Soligenix Inc. has announced the publication of new data demonstrating extended stability of its ebolavirus vaccines developed using the ThermoVax platform. According to a manuscript accepted by Vaccine, bivalent and trivalent vaccines formulated from Zaire ebolavirus, Sudan ebolavirus, and Marburg marburgvirus antigens retained full potency after two years of storage at temperatures up to 40°C (104°F). This breakthrough addresses one of the most significant challenges in global vaccine distribution—the requirement for continuous cold-chain storage.
The thermostable vaccines, developed in collaboration with Dr. Axel Lehrer at the University of Hawaiʻi at Mānoa, have shown robust immune responses in animal models, achieving up to 100% protection in non-human primates. ThermoVax enhances protein subunit vaccines, which are considered the gold standard for safety, by eliminating the need for refrigeration during storage and transport. This technology could dramatically improve pandemic preparedness, particularly in regions with limited infrastructure or during emergency response situations where maintaining cold chains is difficult.
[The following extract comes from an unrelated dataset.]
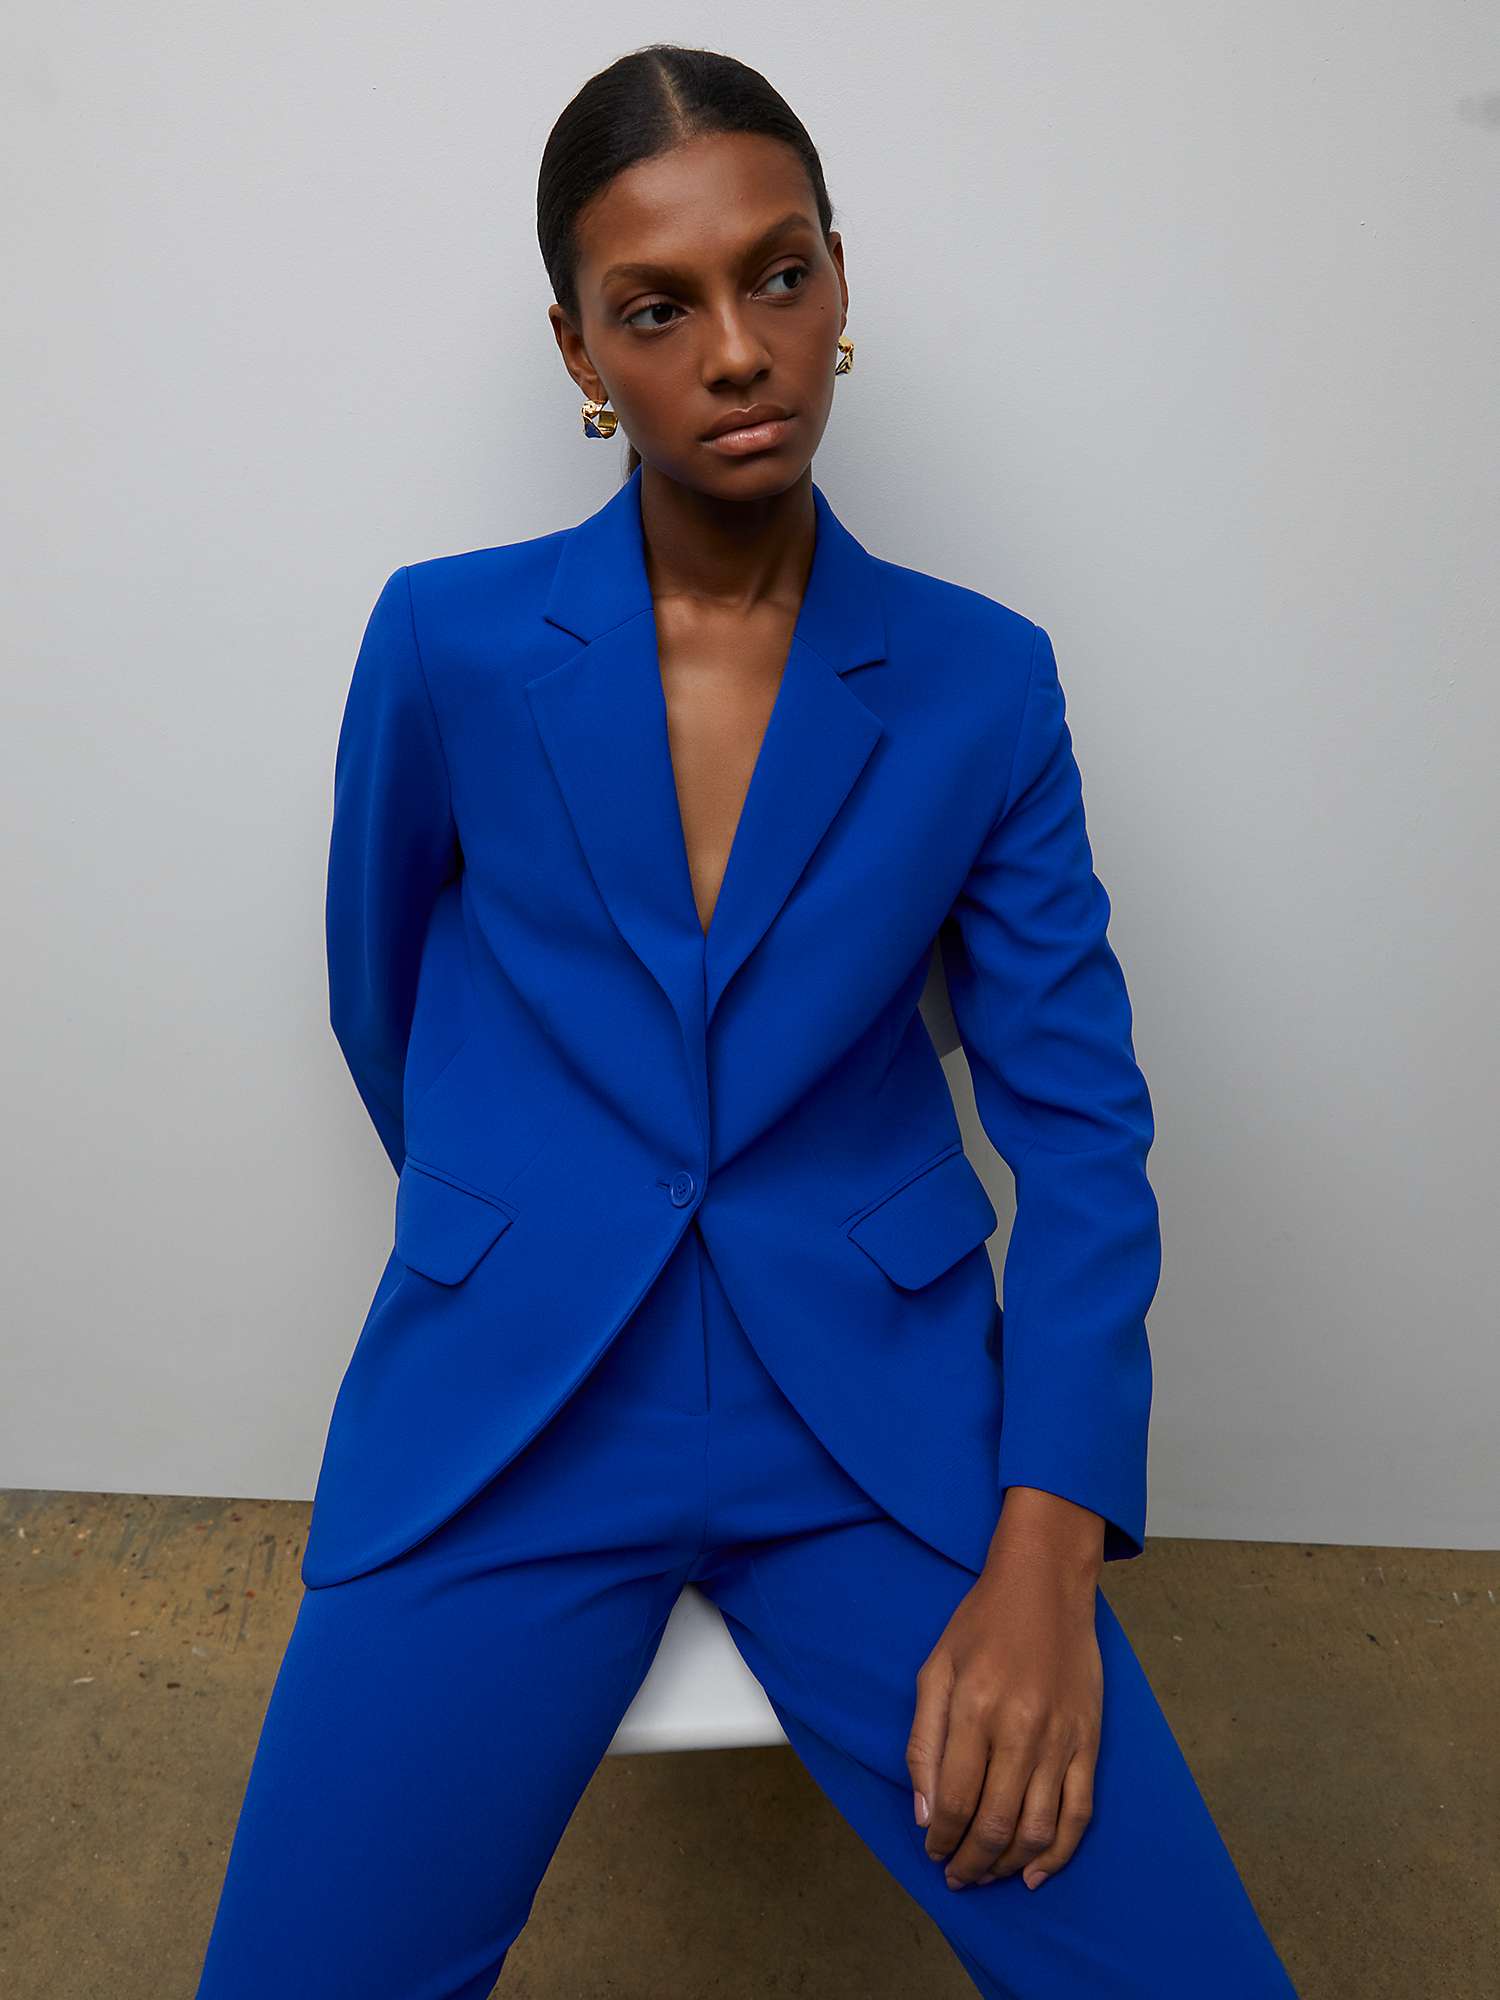 Finery Harper Tailored Trousers, Cobalt at John Lewis & Partners
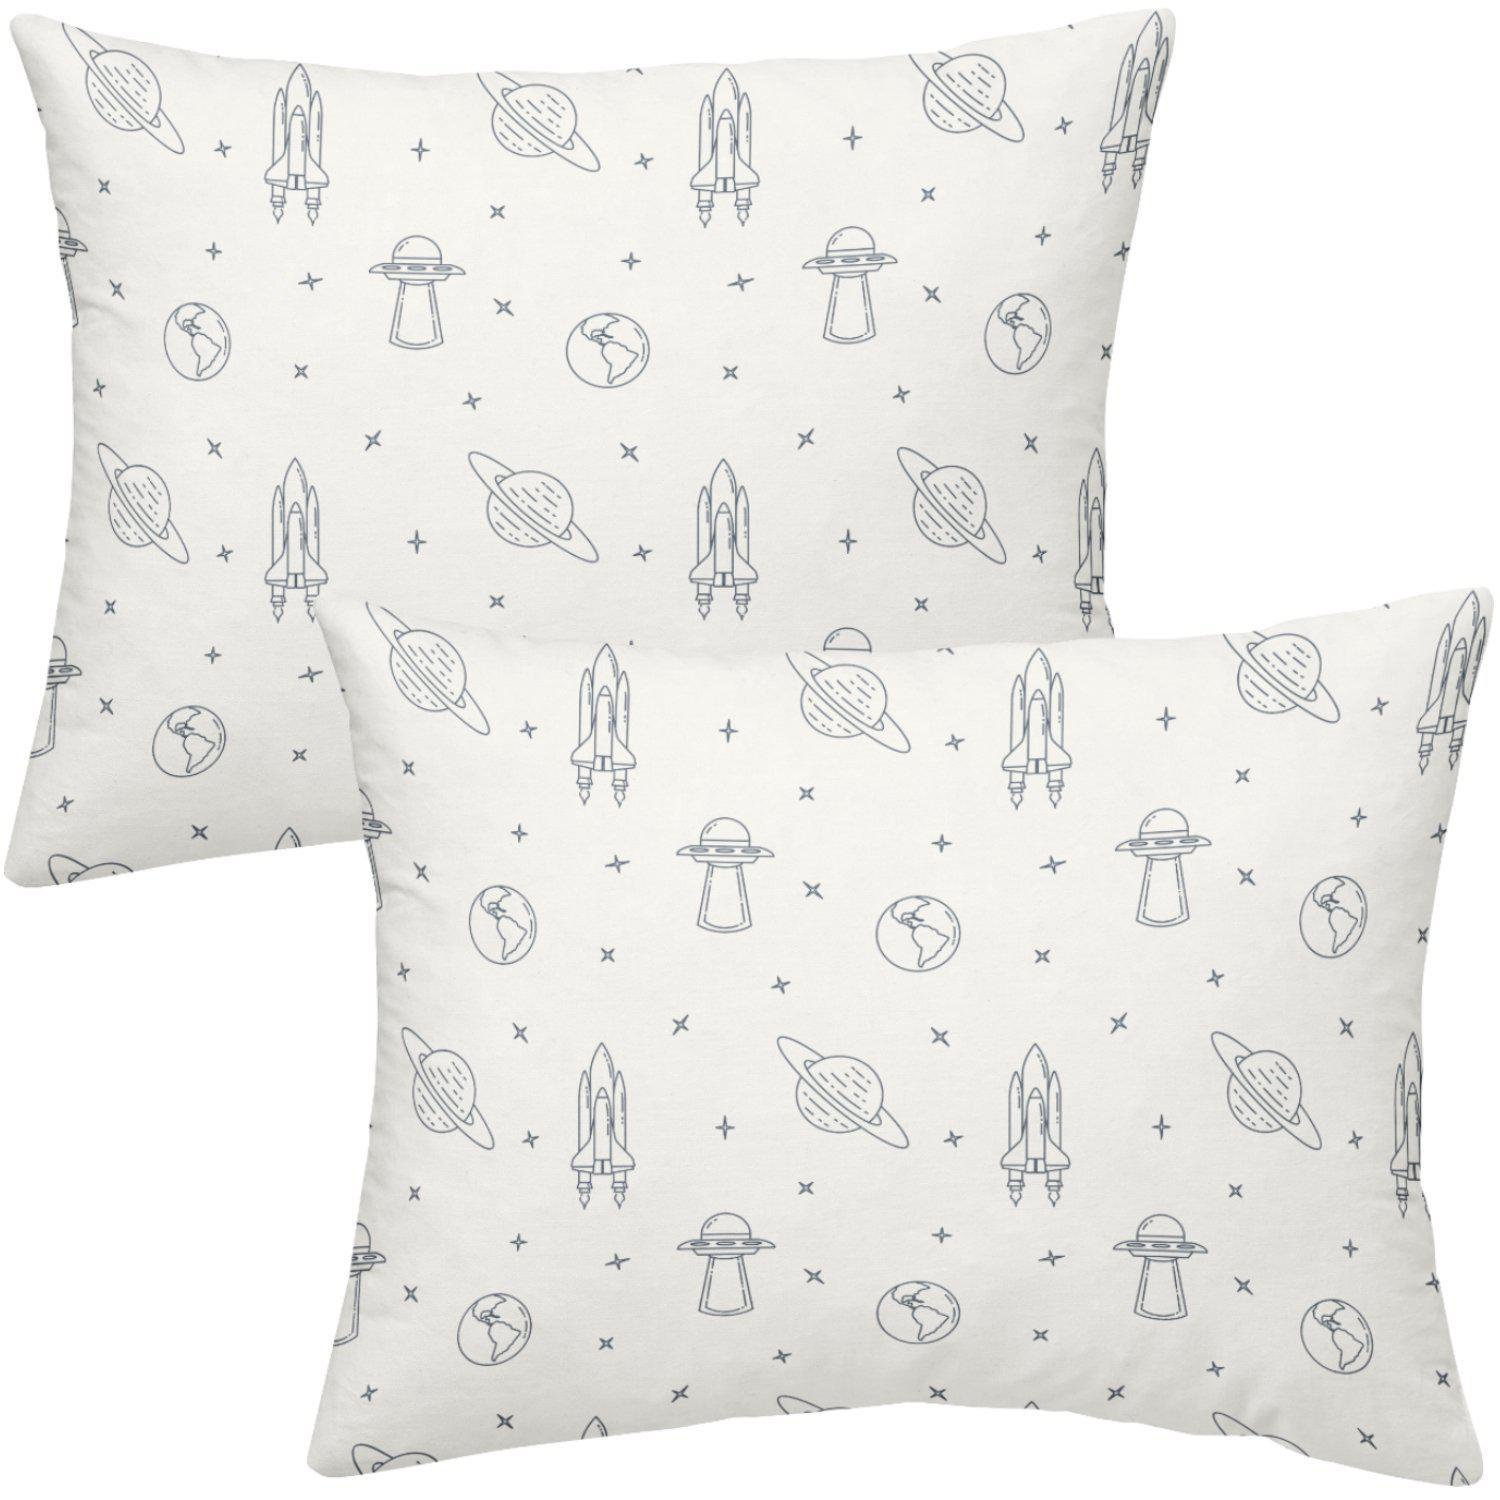 Two square pillows with a space-themed pattern featuring sketches of planets, UFOs, and spaceships on a light grey background - Makemake Organics Organic Cotton Toddler Pillowcase in Celestial.

The development has been supported by government funding from agencies including the National Institute of Allergy and Infectious Diseases (NIAID), the Defense Threat Reduction Agency (DTRA), and the Biomedical Advanced Research and Development Authority (BARDA). The implications for global health are substantial, as thermostable vaccines could ensure broader access to critical immunizations in tropical climates and remote areas. For more information about Soligenix's research and development programs, visit https://ibn.fm/SNGX.
The company's Public Health Solutions business segment continues to advance vaccine candidates for various threats, including ricin toxin, filoviruses, and COVID-19, all utilizing the ThermoVax stabilization technology. This approach represents a significant advancement in vaccine technology that could transform how life-saving immunizations are delivered worldwide, particularly in resource-limited settings where refrigeration infrastructure is unreliable or nonexistent.